C’est Jésus qui a pris l’initiative, connaissant le désir inné de cet homme qui y avait même peut-être renoncé : la joie de voir ! Oui, ce handicapé de naissance, depuis qu’il avait vu le jour, ne l’avait encore jamais vu !
Vous-mêmes, comme toute créature humaine, faite pour la vie et destinée malheureusement à une mort certaine, faite pour connaitre la vérité et cependant trompée si souvent par le mensonge et l’esprit du monde, créée pour le bonheur absolu et pourtant vouée au malheur de la condition humaine, vous n’aviez pas encore rencontré Jésus, le Chemin, la Vérité et la Vie. Et cette rencontre que vous avez faite, mystérieuse, secrète, intime, est aussi difficile à exprimer qu’elle est simple et réelle. Notre aveugle ne cessera de répéter la même chose. Et tout cela pour dire : maintenant je vois,
Et comme lui, ne vous en étonnez pas, vous serez parfois scandalisés qu’on puisse mettre en doute la réalité de votre expérience… puisqu’elle est visible, physique.
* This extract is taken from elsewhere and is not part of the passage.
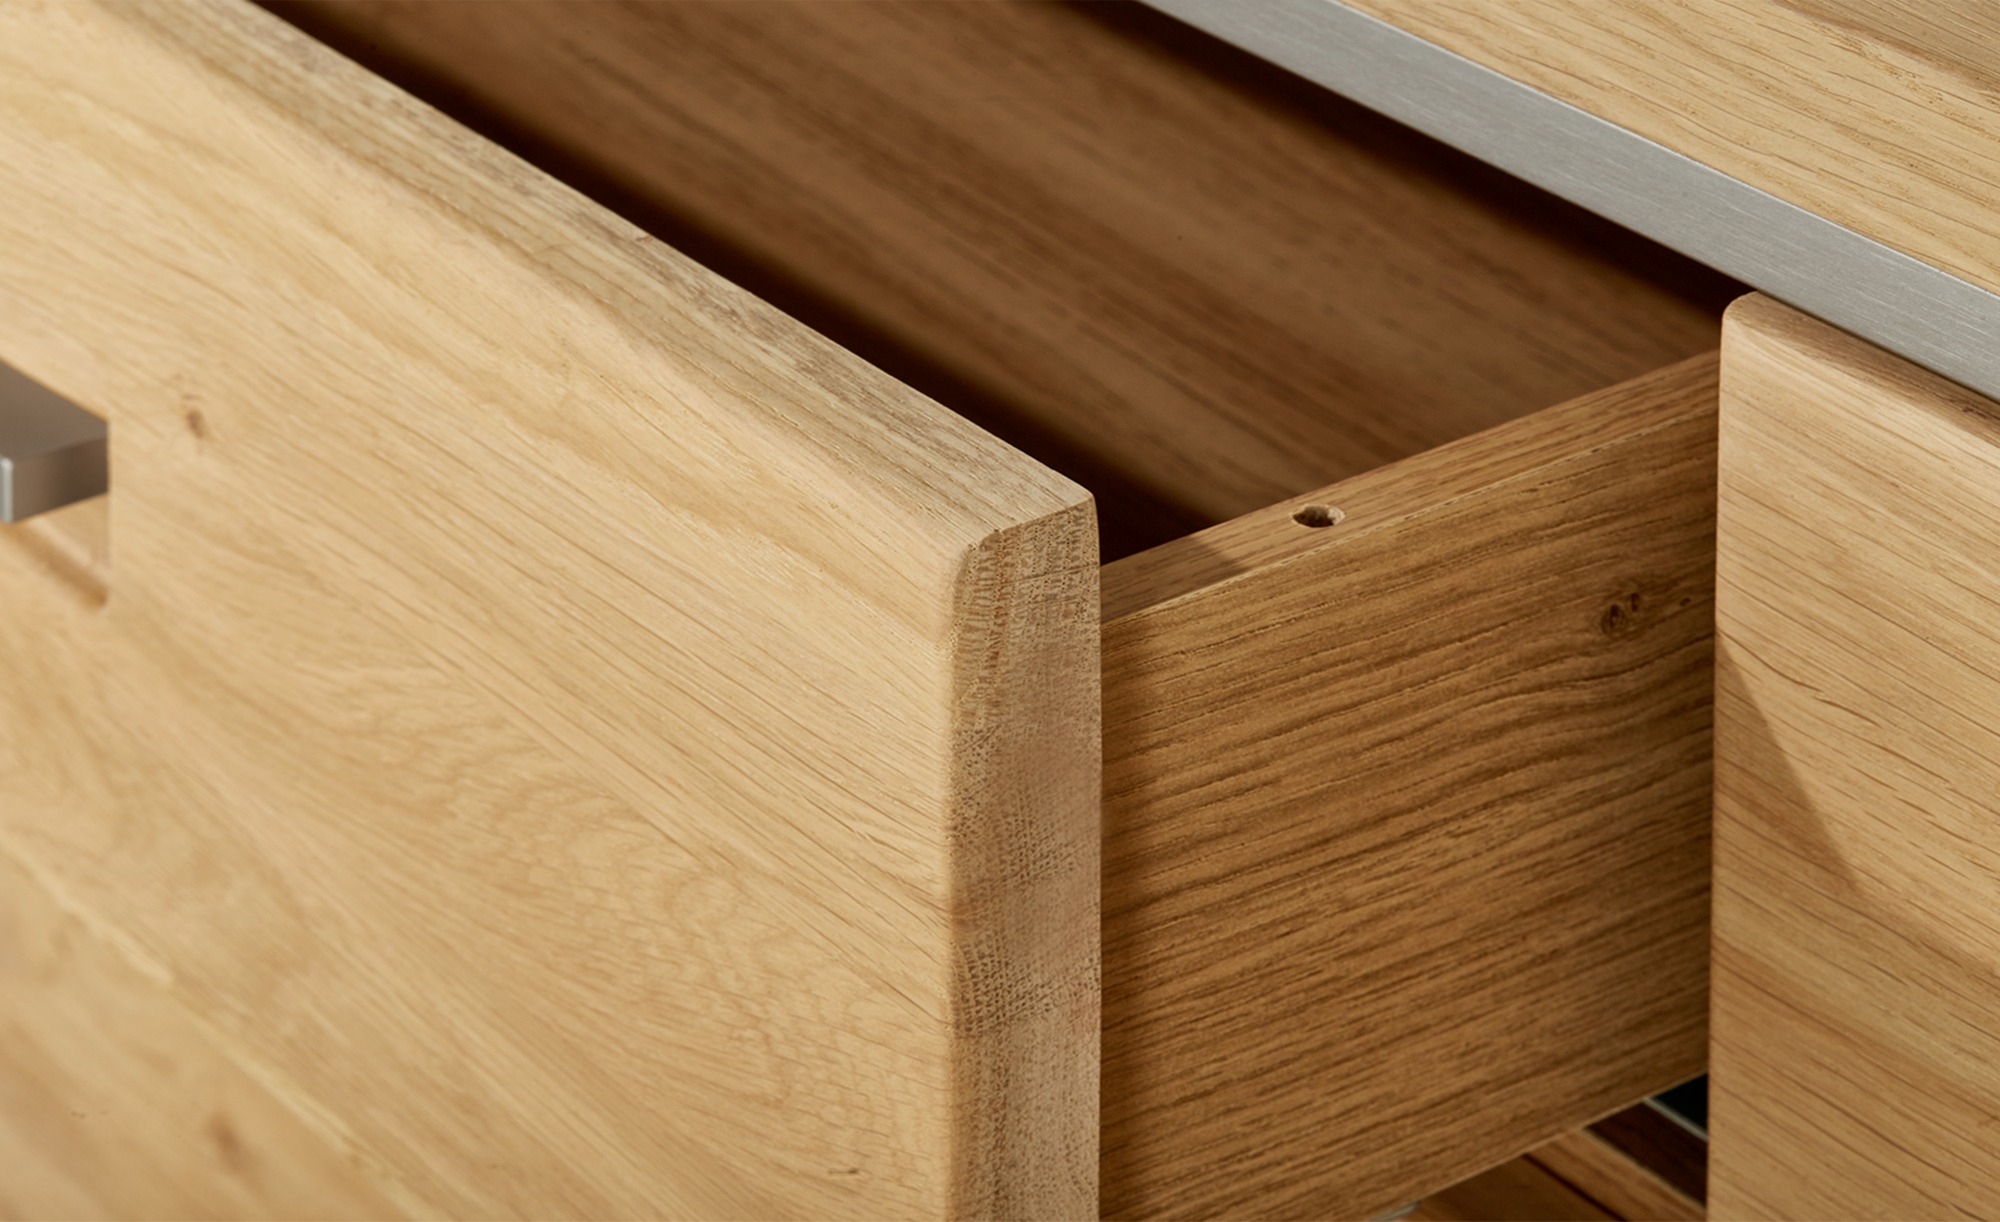 Woodford Sideboard  Felino ¦ holzfarben ¦ Maße (cm): B: 184 H: 89 T: 45 Kommoden & Sideboards > Sideboards - Höffner

La conversion intérieure est d’abord une guérison qui se voit. Cette délivrance spirituelle ne peut que rectifier nos manières de vivre et cela intrigue. Une mère de famille me disait qu’elle n’avait pas besoin de demander à son adolescent s’il avait été se confesser tout seul comme un grand. Cela se voit, me dit-elle, tout simplement ! Une joie de vivre, d’aimer, de se donner et de servir. Et nous chrétiens, vieux chrétiens, nous aurions peur de paraître anormaux, d’être un peu à part ? ! C’est vrai, il y a tant de détraqués aujourd’hui qui se justifient au motif de la foi ! Mais ce n’est pas une raison, frères et sœurs. Notre Pape François insiste beaucoup : le fruit de cette année de la Miséricorde sera la joie sur le visage de tous les catholiques, même dans la tourmente. Cette sérénité qui vient d’un cœur en paix, pardonné, sauvé.
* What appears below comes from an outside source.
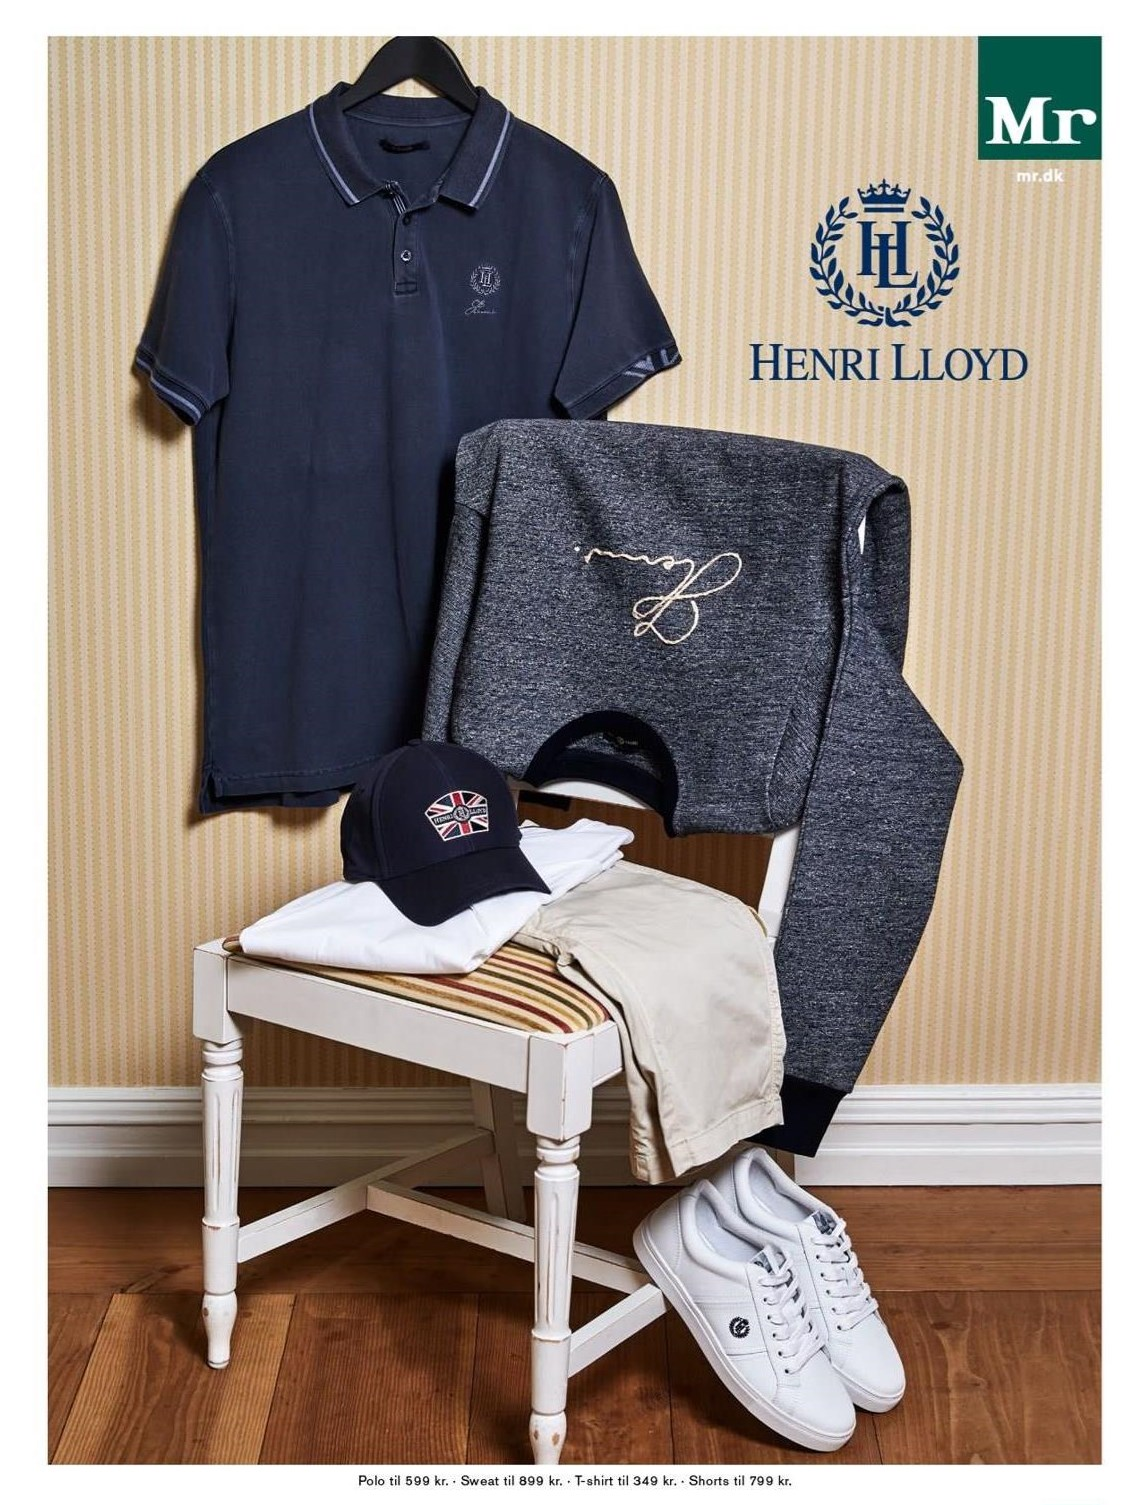 Polo, sweat, t-shirt eller shorts

Et puis l’aveugle enfin guéri n’a pas le droit d’être guéri. Que le Dieu qui a fait le Ciel et la terre ait pu intervenir dans sa vie, ait pu lui faire un cadeau immérité, la grâce d’être sauvé, d’être pardonné, d’être comblé de ce qui lui manquait depuis toujours… Le monde aveuglé ne le reconnaîtra pas ! Notre voyant est bien embêté et vous le serez aussi. Car il ne peut pas expliquer vraiment ce qui lui arrive. Et pour nous frères et sœurs, il en est souvent de même. Le croyant est quelqu’un d’étrange et donc quelque peu gênant. Il devrait se justifier d’un cadeau, de quelque chose dont il est justement bénéficiaire et qui le dépasse, d’une expérience personnelle qui illumine sa vie, réoriente son existence et même la transforme… Tout en restant nous-mêmes, tout en devenant plus nous-mêmes !
Voilà pourquoi le croyant ne peut finalement que se prosterner devant Jésus et lui dire sa foi. N’est-ce pas ce que nous venons faire chaque dimanche ? Il ne faudrait jamais y manquer ! C’est ce que vivra dans quelques jours Thomas l’apôtre, encore un aveugle qui voulait voir. Sa prière est la nôtre : mon Seigneur et mon Dieu.